Harrogate man's Trinidad and Tobago bobsleigh team to take on world at Beijing Winter Olympics
A man from Harrogate is set to lead the Trinidad and Tobago bobsleigh team in the Winter Olympics.
In December, Axel Brown and his team qualified for the two-man bobsleigh event for the first time in 20 years.
His mother, Carolyn, was born in Trinidad, but it was only in July 2021 that the 29-year-old gained his Trinidadian passport in his quest to reach Beijing.
Axel decided to pursue taking Trinidad and Tobago to the Olympics after training for several years with the Great Britain outfit, missing out narrowly on a place in the squad for the 2018 Pyeongchang Games.
After gaining his passport, he then tried recruiting athletes and sponsors while working on a shoestring budget.
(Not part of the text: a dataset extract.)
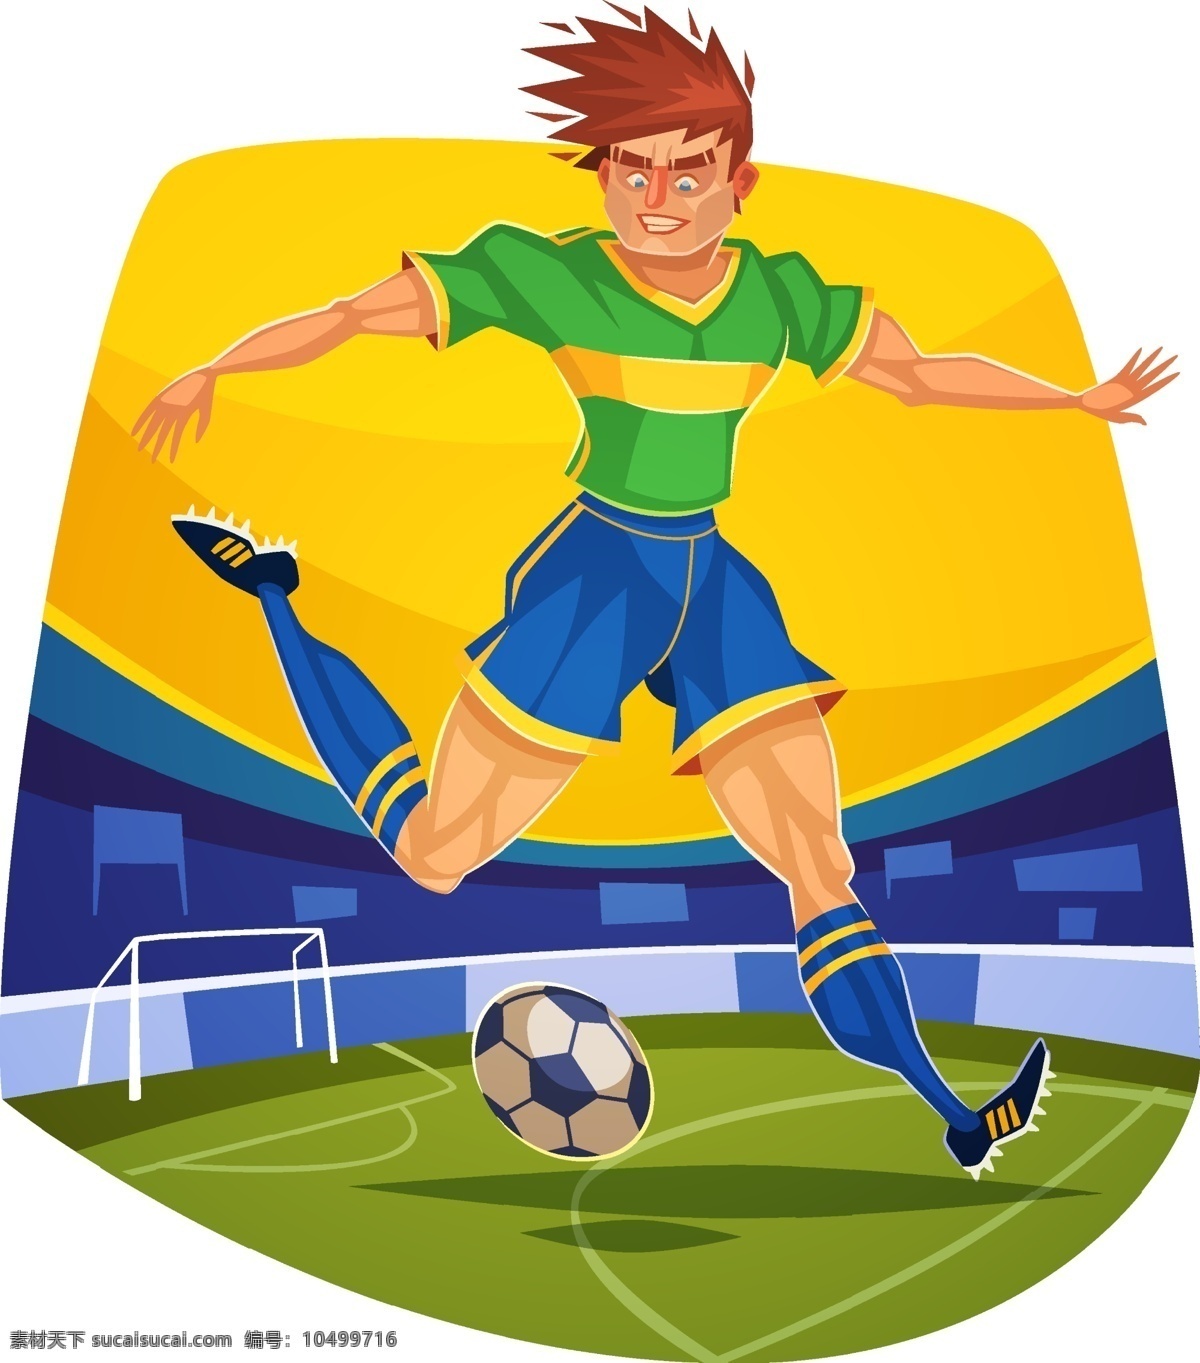 卡通足球球员 卡通 足球 球员 模板下载 巴西 世界杯 足球运动员 卡通队员 足球赛事 体育运动 生活百科 矢量素材 白色

"It was literally at the point where two weeks before the season I didn’t have any Trinidadian athletes," Axel said.
"I was going to track and field training sessions in Trinidad with my timing gates and my kit on like, 'Hey do you want to join a bobsleigh team? We leave in two weeks'."
The country last competed in Olympic bobsleigh events in 2002, having also taken part in the two Games prior to that, but until last year it looked unlikely that they would have a team for Beijing.
Their story has drawn comparisons with the Disney comedy film Cool Runnings, which told the story of the 1988 Jamaican bobsleigh team's unlikely debut in the Calgary Olympics.
Axel said: “We are a Caribbean nation competing in the same sport and I’m the guy who has gone and recruited track and field athletes that have narrowly missed out in the Olympics. There are a lot of parallels, so I embrace it because I’d love to be even a part of that movie and what that sled of 1988 was."
He will take to the ice today alongside his brake-man Andre Marcano, who had never even been in a bobsleigh until after the opening ceremony.
They will be among 30 teams from all over the world competing in three heats spread over Monday and Tuesday, before the top 20 fight it out for the medals in the fourth and final heat on Tuesday.
Their aim is to reach the final heat although Axel is conscious they are viewed as the competition's underdogs.
He said: "Getting here is absolutely a great story, it’s life affirming stuff but we’re trying to stay focused and have got a job to do. Ultimately when I’m at the top of the track about to drive a mile of ice at 100mph, I can’t be thinking I’m happy to be here. It’s got to be game time."